In his examinations of Gardener's brain, Papez says that, while smaller overall, her brain is no different from that of the "best brains in the Cornell collection" and that the "entire language zone of her brain shows a superior development".

Apparently, Gardener made quite a splash when she gave a speech at a suffrage convention arguing against the idea that women are clearly inferior to men because of their smaller brains. In her speech, she opened with saying that "the last stronghold of the enemy is scientific," and proceeded to "blow up the enemy": "If absolute brain and not relative weight is the test... [then] almost any elephant is several Cuviers in disguise, or perhaps an entire medical faculty."

SNAP sayeth I!

"On that speech she rested her case. Her own brain has now added its testimony."
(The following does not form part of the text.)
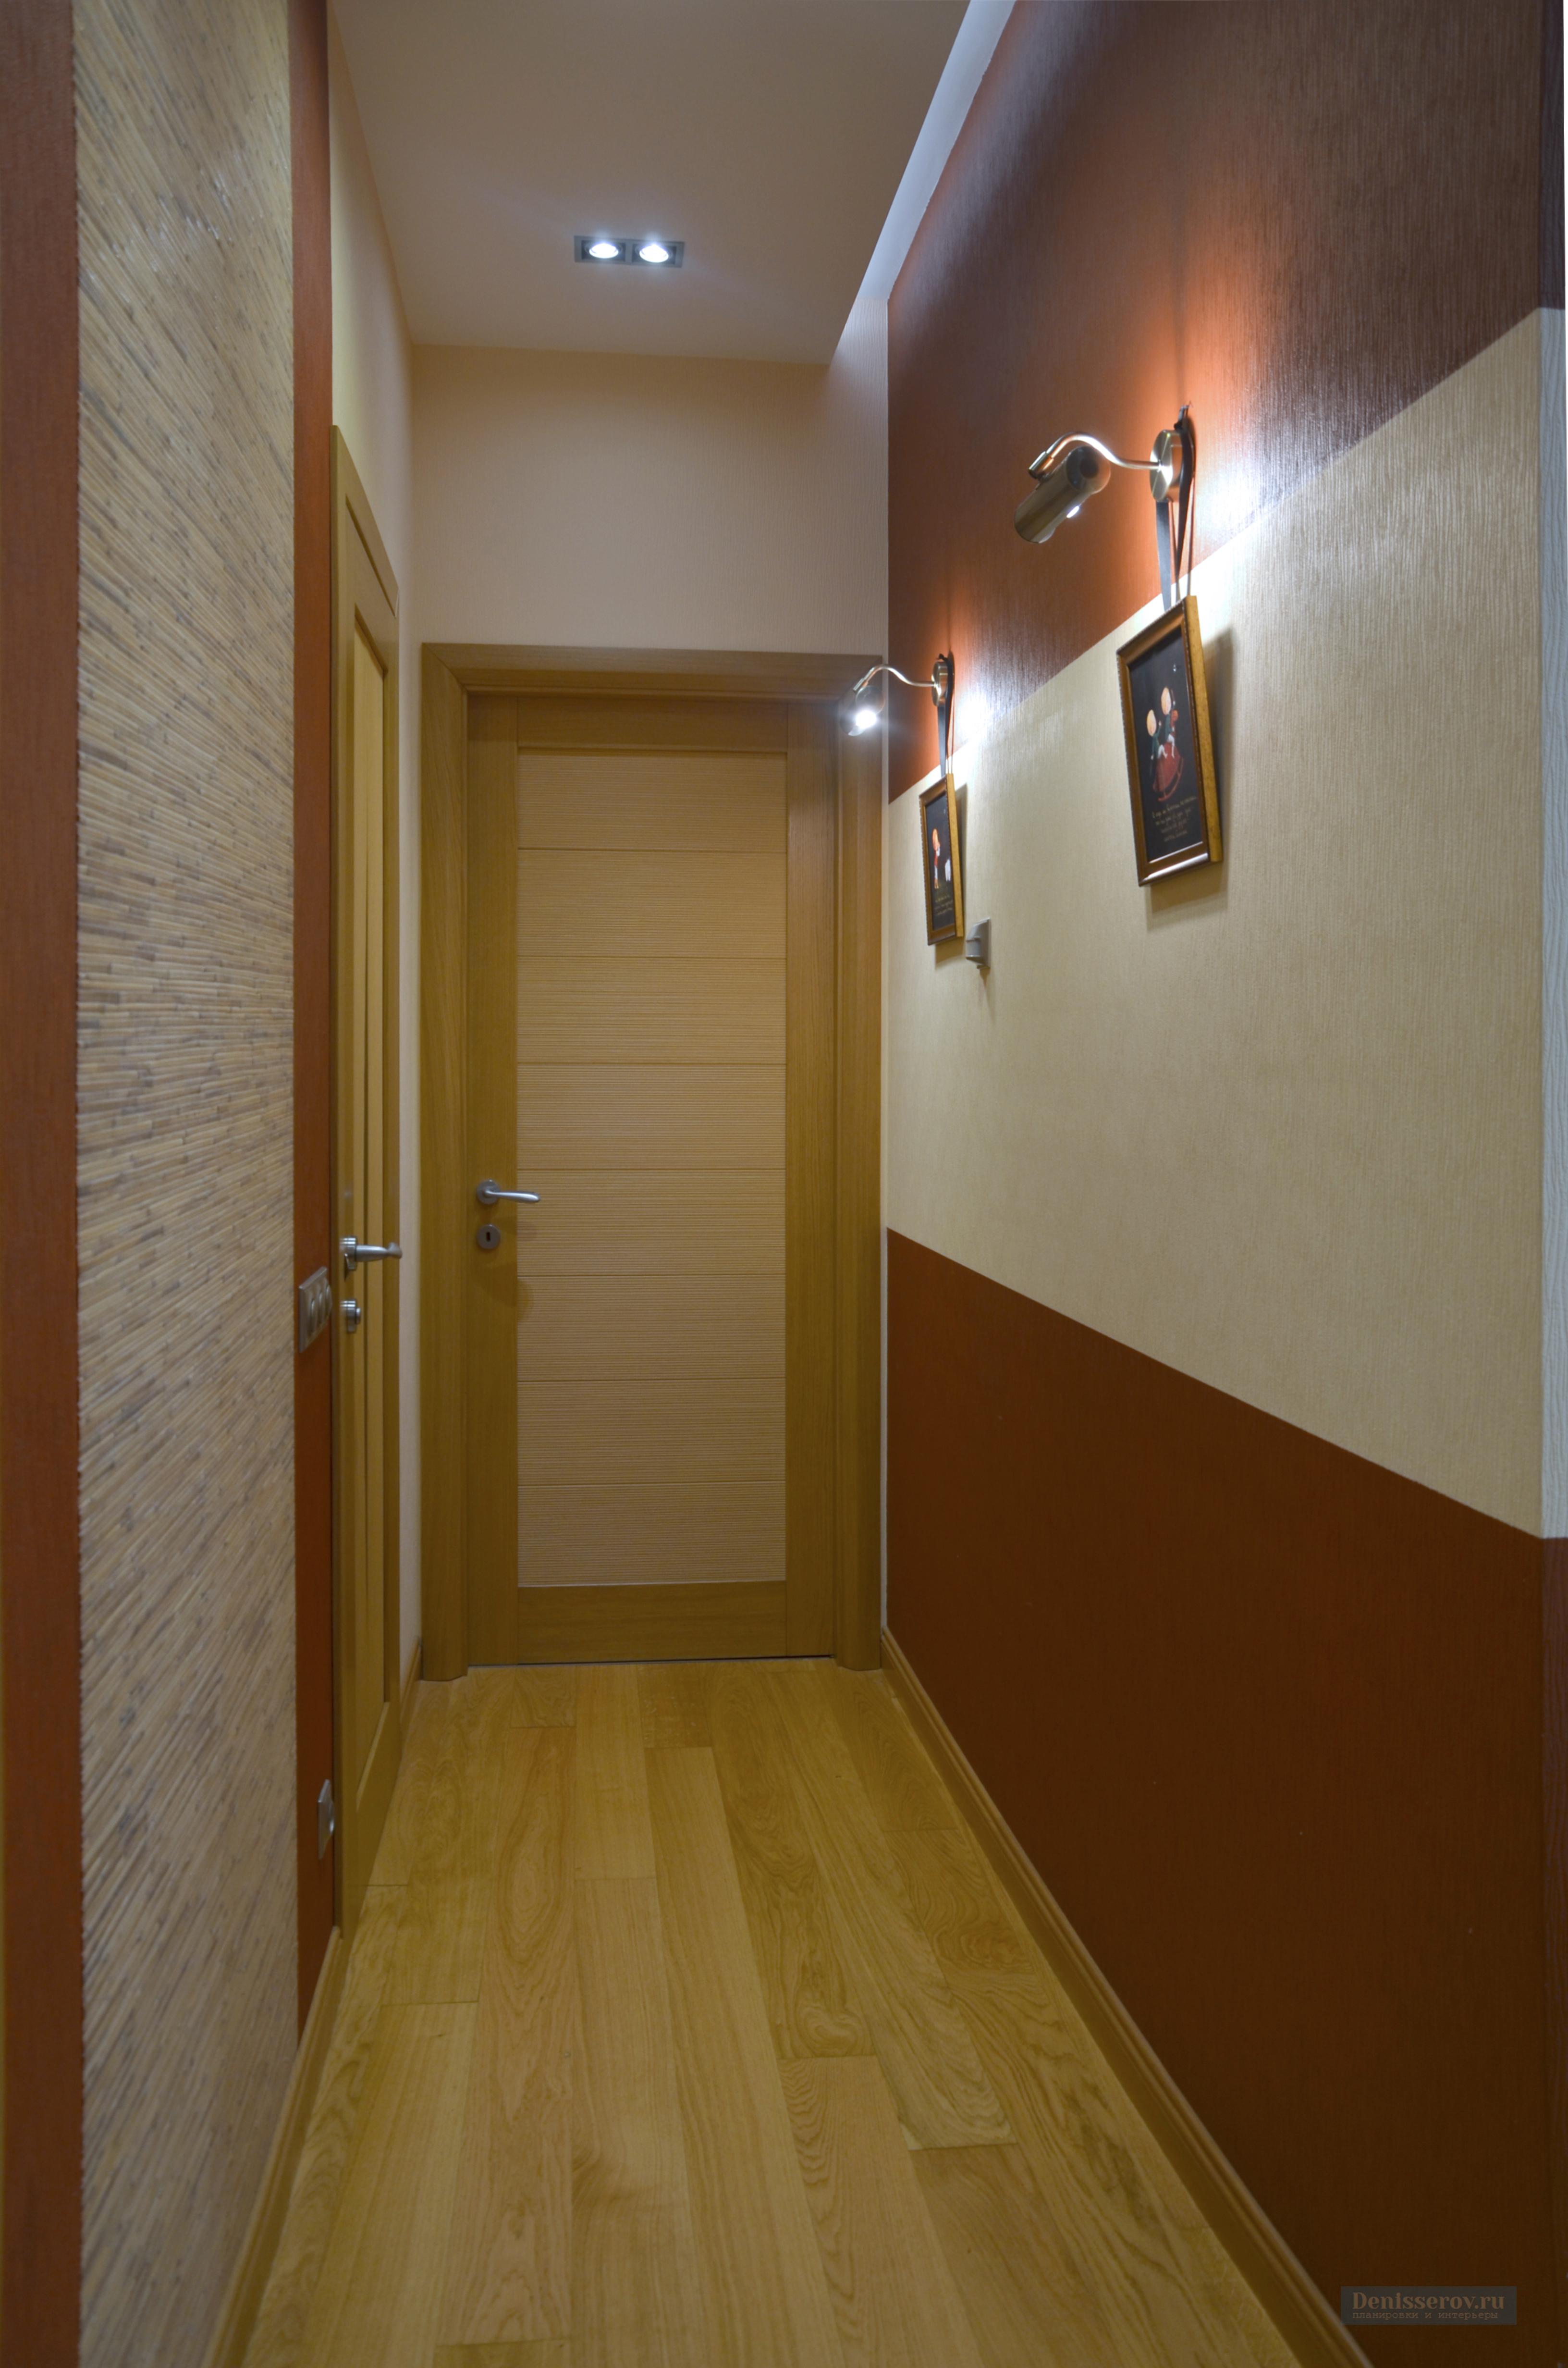 Koridor-10-kv-m-v-korichnevom-cvete-2

I'm quite impressed at the modern, sophisticated view of the brain and behavior. I believe that many people tend to think of anything before neuroimaging as the neuroscientific dark ages. This article is a great counter to that idea. You can open the pages of any modern media report of neuroscience breakthroughs and see these same ideas hailed as great new advances.

When I was a first-year graduate student I had lunch with Daniel Dennett (namedrop) during which he quipped that a new student could make a whole career by looking at papers from the 1960s and 70s and just running the experiments again using modern techniques. While your conclusions would likely be the same as those older studies, you'd have a massive supply of research ideas. I'm really starting to think he was right.

In closing: don't forget... everything old is new again.